Sur les demandes accessoires :
En application des dispositions des articles 696 et suivants du code de procédure civile, il convient de condamner M. [O] [G] et M. [Y] [X] [W] [Z] in solidum aux dépens de l’instance comprenant les frais de signification du commandement de payer et de notification à la préfecture et de saisine de la CCAPEX.
Il convient également de condamner in solidum M. [O] [G] et M. [Y] [X] [W] [Z] à payer à M. [N] [H] la somme de 500 euros au titre de l’article 700 du code de procédure civile.
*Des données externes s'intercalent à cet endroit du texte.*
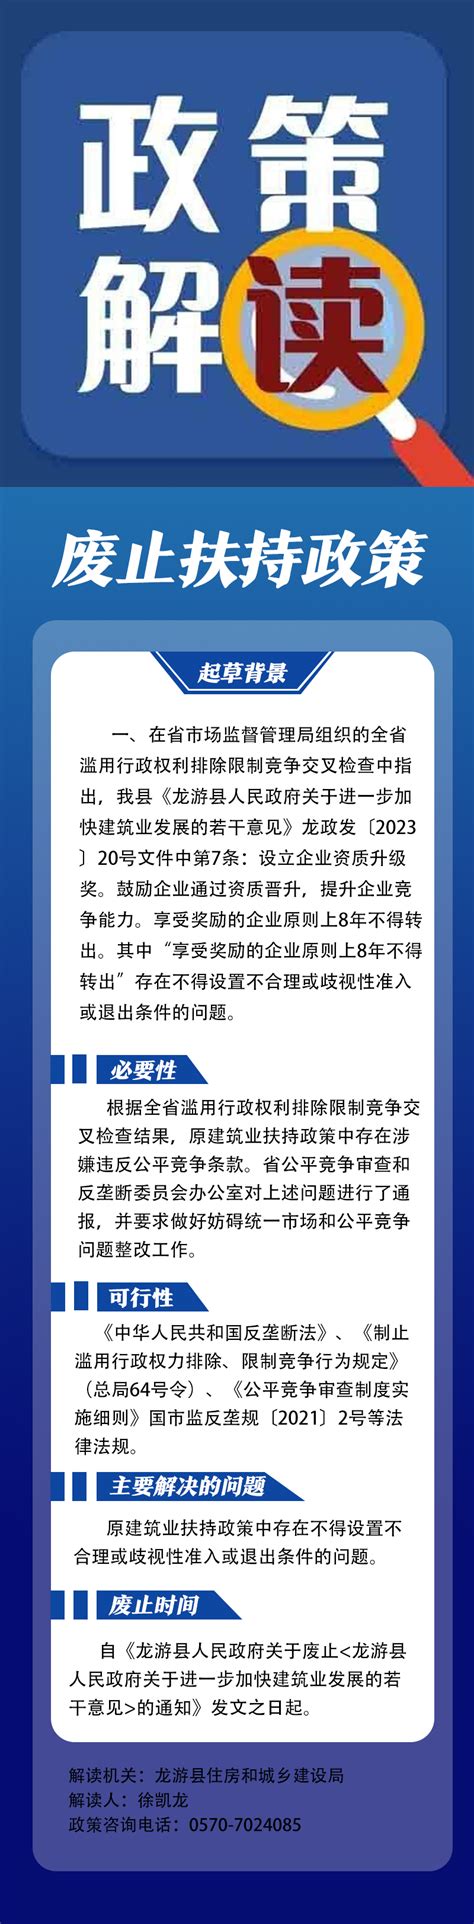 【图解】龙游县人民政府关于废止《龙游县人民政府关于进一步加快建筑业发展的若干意见》的通知

Conformément à l’article 514 du code de procédure civile, le présent jugement est assorti de l’exécution provisoire, de droit.
PAR CES MOTIFS
Le juge des contentieux de la protection, statuant en audience publique, par jugement réputé contradictoire rendu en premier ressort, rendu par mise à disposition au greffe le jour de son délibéré,
DECLARE recevable la demande de M. [N] [H] aux fins de constat de l’acquisition de la clause résolutoire,
CONSTATE que les conditions d’acquisition de la clause résolutoire contenue dans le bail conclu le 5 mars 2024 entre M. [N] [H] d’une part, et M. [O] [G] et M. [Y] [X] [W] [Z] d’autre part, concernant les locaux situés [Adresse 1] à [Localité 4], sont réunies à la date du 25 avril 2025,
CONSTATE la résiliation du bail à compter de cette date,
ORDONNE, à défaut de départ volontaire des lieux, l’expulsion de M. [O] [G] et M. [Y] [X] [W] [Z] ainsi que de tout occupant de leur chef, dans un délai de deux mois à compter de la signification d’un commandement d’avoir à libérer les lieux, avec l’assistance de la force publique si besoin est, ainsi que le transport des meubles laissés dans les lieux loués, conformément aux dispositions des articles L433-1 et L433-2 du code des procédures civiles d’exécution,
FIXE le montant de l’indemnité d’occupation mensuelle due solidairement par M. [O] [G] et M. [Y] [X] [W] [Z] à compter du 25 avril 2025, date de la résiliation du bail, et jusqu’à la libération définitive des lieux, à une somme égale au montant mensuel du loyer indexé et des charges qui auraient été dus si le bail s’était poursuivi,
CONDAMNE solidairement M. [O] [G] et M. [Y] [X] [W] [Z] à payer à M. [N] [H] la somme de 3 176,30 euros au titre des loyers, charges et indemnités d’occupation arrêtés au 29 avril 2025 échéance d’avril incluse, avec intérêts au taux légal à compter du 13 mars 2025 sur la somme de 2 351,74 euros, de l’assignation du 14 mai 2025 sur la somme de 3 176,30 euros et du présent jugement sur le surplus ,
CONDAMNE solidairement M. [O] [G] et M. [Y] [X] [W] [Z] à payer à M. [N] [H] l’indemnité d’occupation mensuelle à compter du 25 avril 2025, échéance de mai 2025, et jusqu’à complète libération des lieux, avec intérêts au taux légal à compter de l’exigibilité de chacune des échéances,
REJETTE la demande de dommages et intérêts,
ORDONNE la capitalisation des intérêts dus pour au moins une année entière,
CONDAMNE in solidum M. [O] [G] et M. [Y] [X] [W] [Z] à payer à M. [N] [H] la somme de 500 euros au titre de l’article 700 du code de procédure civile,
CONDAMNE in solidum M. [O] [G] et M. [Y] [X] [W] [Z] aux dépens de l’instance, comprenant les frais de signification du commandement de payer du 13 mars 2025, et le coût de la notification de l’assignation à la préfecture, et de la saisine de la CCAPEX le 14 mars 2025,
RAPPELLE que le présent jugement est assorti de l’exécution provisoire de droit.